NASHVILLE–Prayer and evangelism will enable the Southern Baptist Convention to abide and continue its work in an increasingly eclectic society, SBC President Steve Gaines told the Executive Committee during its 2017 fall meeting in Nashville.
SBC leaders and laity must see and love the lost so much that it creates a burden that the lost be saved, Gaines said in his address Sept. 18 at the SBC Building. He exhorted the Executive Committee, other Southern Baptist leaders and SBC employees gathered before him, to understand and love the disadvantaged, and to show them the love of Christ.
“I want to tell you this,” said Gaines, pastor of Memphis-area Bellevue Baptist Church in Cordova, Tenn. “The future of the Southern Baptist Convention depends on whether or not we will prioritize prayer and evangelism. I don’t care where you are on the theological spectrum, if you don’t believe in prayer and evangelism, there’s no hope.
“We’ve got to embrace it.”
Gaines anchored his address in Paul’s ministry in Athens highlighted in Acts 17:16-33, briefly shared his personal testimony of repentance, and referenced the familiar sermon of the beloved late pastor E.V. Hill on “Why I Don’t Want to Go to Hell.”
“Do you see the fact, and do you sense the fact, that lost people are really going to hell, and they’re not getting out?” asked Gaines, as he shared descriptions of hell from Hill’s famous sermon. “Do you sense lostness like that? Do you see lostness?”
When Paul entered Athens, Gaines noted, he was repulsed by the idolatry he encountered. He saw the lostness in the city. He sensed it. He called it out, and he shared the only gospel capable of overcoming lostness. Like Paul, and like Jesus who gave Paul the heart and the eyes to see and sense lostness, Southern Baptists must be bold and share the gospel to save the lost, Gaines said.
“I don’t care how many degrees you have; you could have as many degrees as a thermometer,” he said. “You have not preached the gospel if you don’t give people a chance to respond to it, then and there.”
Gaines also exhorted Southern Baptists to understand the downtrodden and to show compassion to those who didn’t grow up under the nurturing environment others might have enjoyed.

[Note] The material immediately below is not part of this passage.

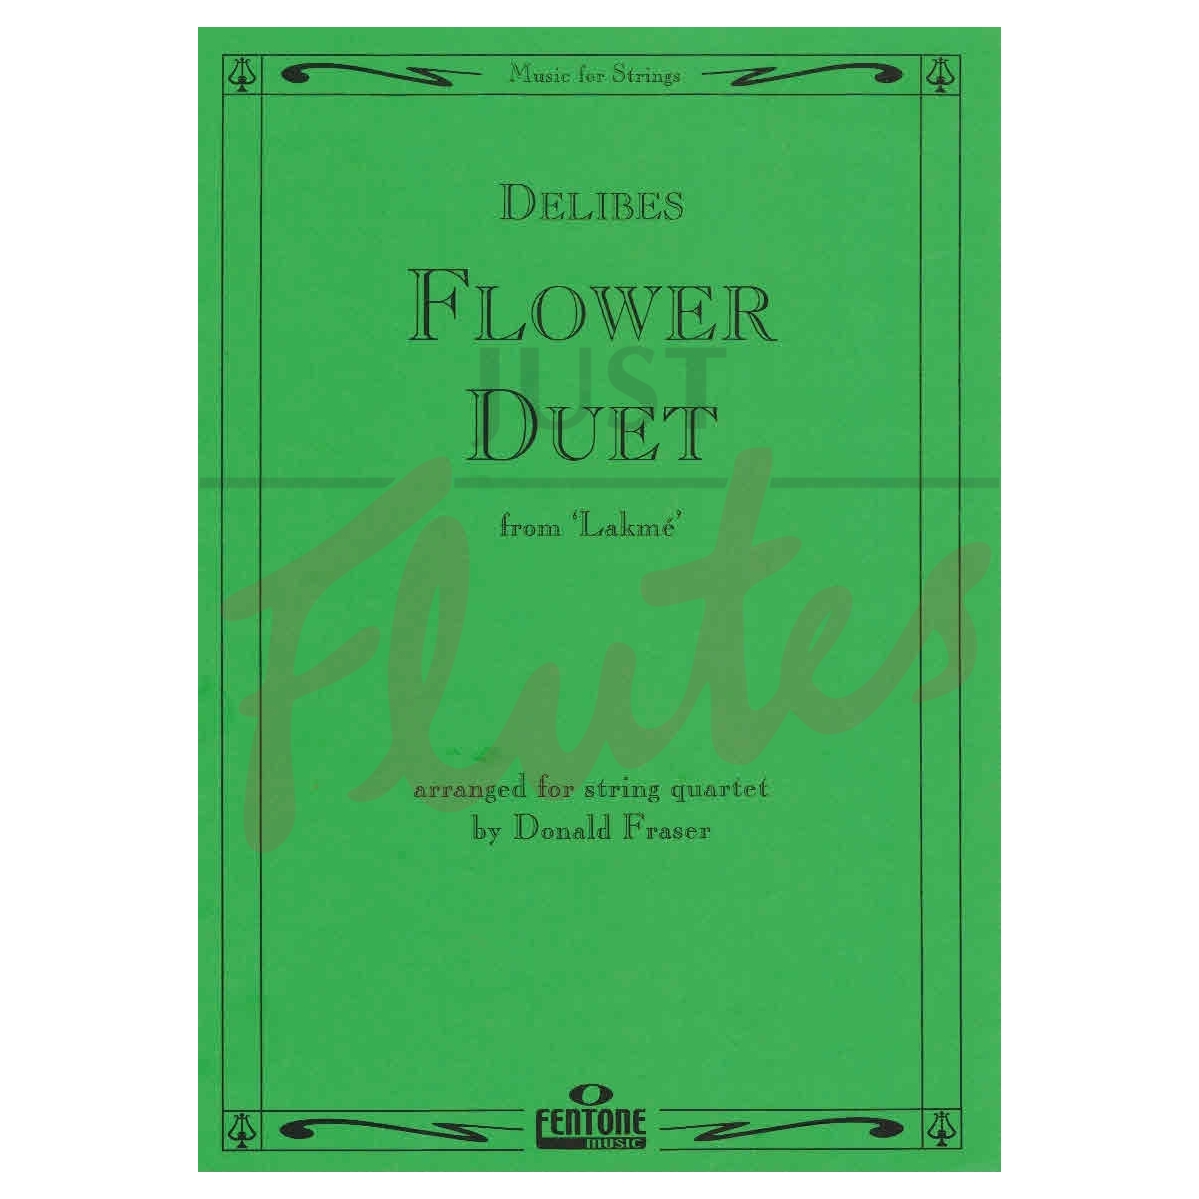 Flower Duet [String Quartet]

“Do you see someone and you say, ah, ‘would you just get a job?’ Or do you see a little boy who’s growing up in some very difficult times?’“ asked Gaines, as he told a hypothetical story drawn from true societal ills. Unlike others, he noted, this child often went to school hungry and dirty, and had no one to help him with homework when he returned home at the end of the school day.
“He didn’t have any books at home like some of the other children, and he couldn’t learn to read. And because he couldn’t learn to read, he couldn’t really process in school,” Gaines said. “And so he drops out, he gets in a gang, and all of a sudden, we see somebody, and we say, ah ‘If he’d just get a job.’
“I’ve got news for you; God sees him differently than that,” Gaines said.
Remembering personal stories of repentance, coupled with the personal sadness of being lost, could help Southern Baptists prioritize sharing the Gospel and praying for the salvation of lost souls, Gaines said.
“If somebody hadn’t seen my lostness, sensed my lostness, and shared with me how I could be saved, I wouldn’t be standing up here,” Gaines said. “I know that I’d be divorced. I know that I would be a drunkard. I know that I would have lived a life cursing people, hating people. I would have been a racist.”
Gaines led listeners in praying that God would enable them to see, love and evangelize the lost, and closed his sermon by invoking the familiar hymn, “Love Lifted Me.”
“But I was sinking deep in sin; I was far from the peaceful shore. Very deeply I was stained within, I was sinking to rise no more,” Gaines said of himself. “But the master of the sea, heard my despairing cry, and from those waters—I’ve been in those waters—He lifted me.